Holotropic breathing is a technique developed by Dr. Stanislav Grof and his wife in the mid-1970s. As a psychotherapist, Grof was involved in earlier tests on the therapeutic potential of LSD. When psychedelics were peremptorily banned in the 1960s, Grof developed holotropic breathing as a means of simulating the psychedelic experience of LSD without the drug itself. Grof defines holotropic as "that which leads to wholeness." Before you begin, ask your doctor if holotropic breathwork is safe for you, especially if you have cardiovascular problems, high or low blood pressure, glaucoma, pregnancy, recent surgery, epilepsy, asthma or mental Illness.

Setting

Holotropic breathing is designed to allow the breather to experience deeper levels of their psyche than are usually available in a normal waking state. Thus, breathwork typically begins by creating an appropriate setting. A quiet location, such as would be used for a retreat, is often used, and a comfortable room that can be darkened should be chosen. The breather is usually accompanied by a sitter and, sometimes, a more advanced facilitator.
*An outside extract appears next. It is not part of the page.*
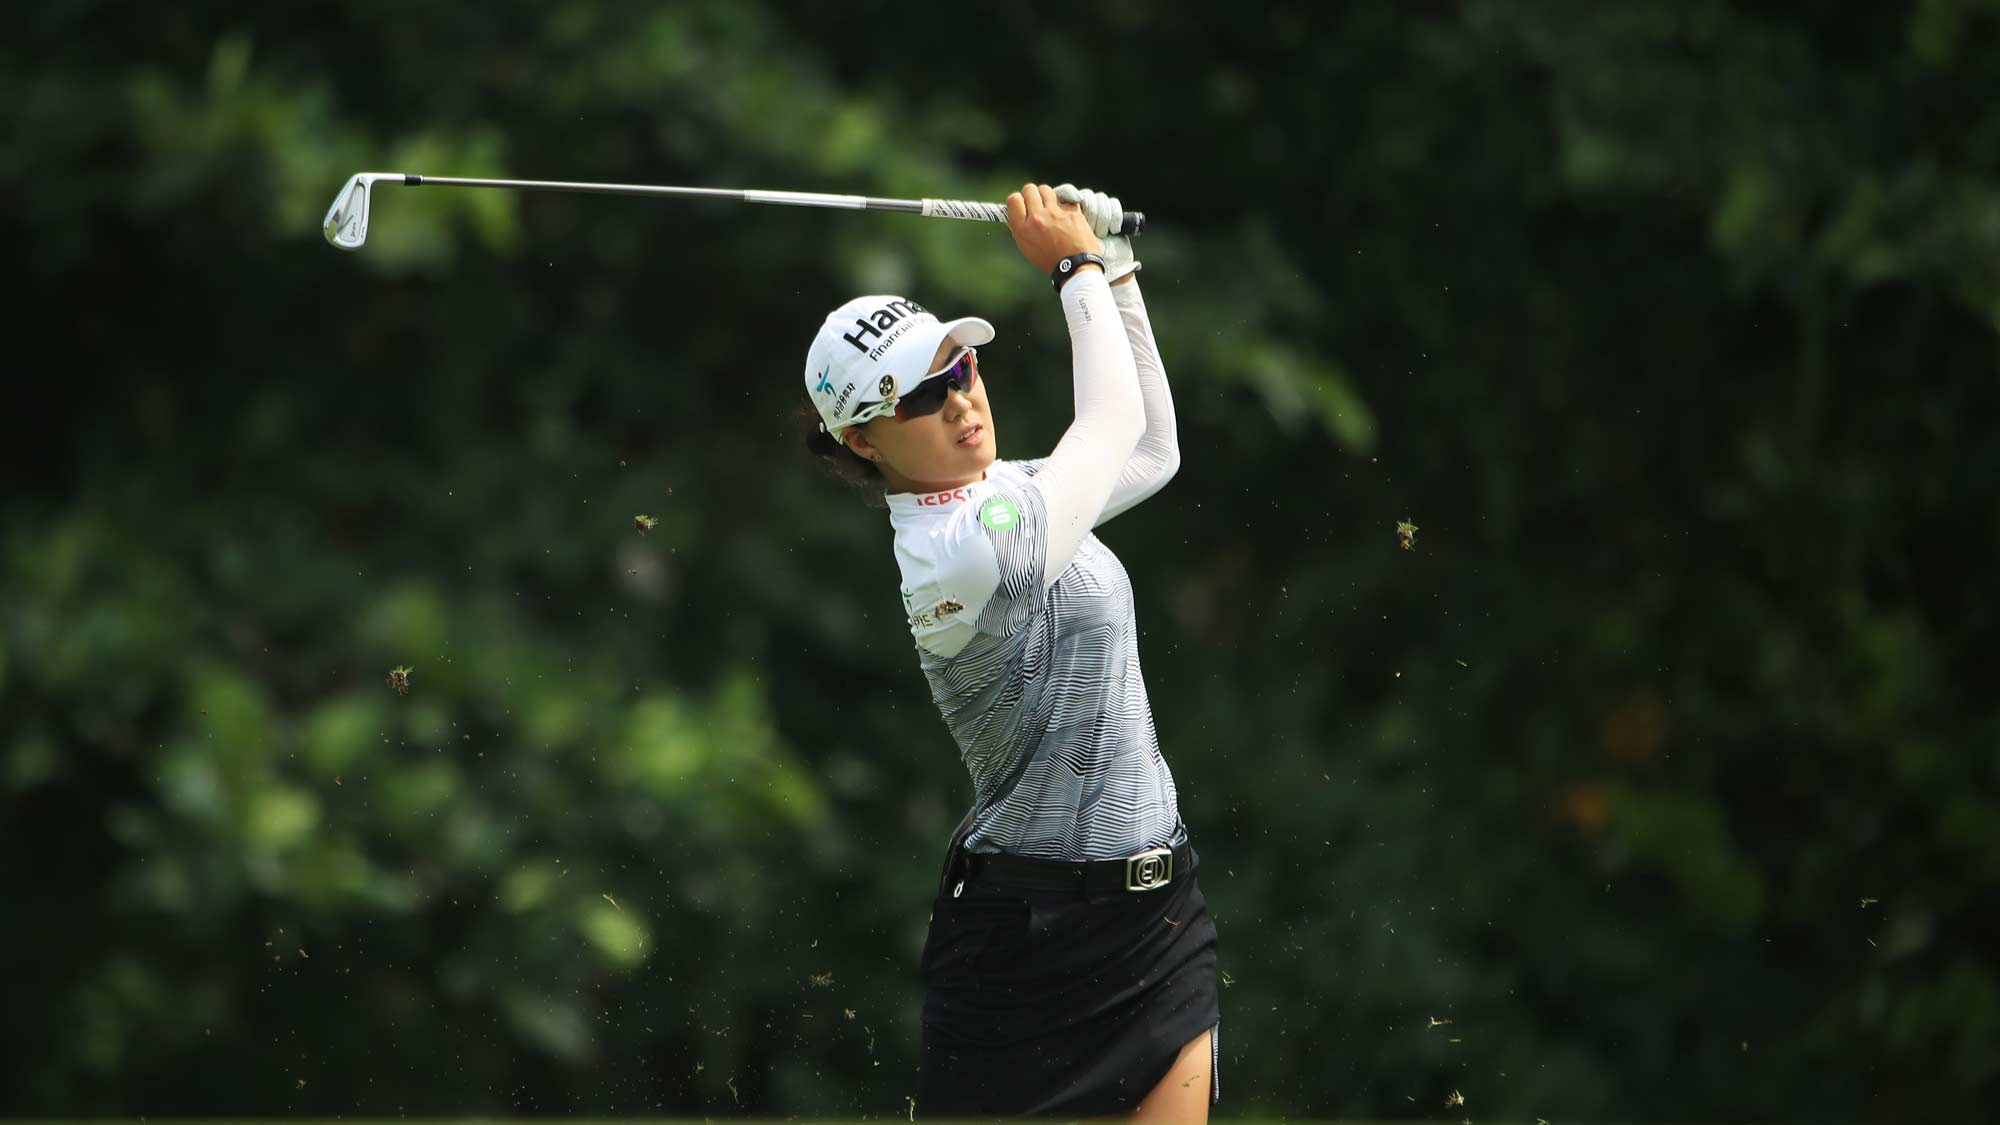 Minjee Lee of Australia plays her second shot on the 18th hole during the first round of the HSBC Women's World Championship at Sentosa Golf Club on February 28, 2019 in Singapore.

Relaxing music should be chosen in advance and played in a format that will allow continuous play for several hours.

Relaxation

The breather lies supine on a mat with eyes closed. The sitter or facilitator then leads the breather through a meditative visualization to create deep relaxation. If you are the breather, you would breathe slowly and deeply during this period as you allow all parts of your body to relax. At the end of the guided meditation, the lights are dimmed and the music is allowed to play at sufficient volume to block any external noise.

Breathing

Once the music begins, you as the breather accelerate your rate of breath to a point near hyperventilation. The goal is to continue breathing deeply, but to do so quickly. Breath in through the nose and out through the mouth. Remaining on your back, continue breathing in this way for two to three hours, focusing on the internal experience and feelings reached through the shift in your awareness. The sitter and facilitator are there to assist in any way you need. Some coughing or choking feelings are not unusual, particularly in response to emotionally charged experiences. You may find yourself writhing, dancing, crying, laughing, shivering, speaking or any of a variety of other possibilities.

Drawing

After about two hours, the music is faded to silence. You, the breather, gradually resume a normal rate of breath. When you’re ready, open your eyes and allow the light in the room to return to normal. Take up a pen, crayon, marker or similar implement and draw a mandala to represent your experience. A mandala is a circle with shapes, scenes or symbols inside. If you have more artistic skill, you may choose to forgo the mandala form and draw a more expressive picture.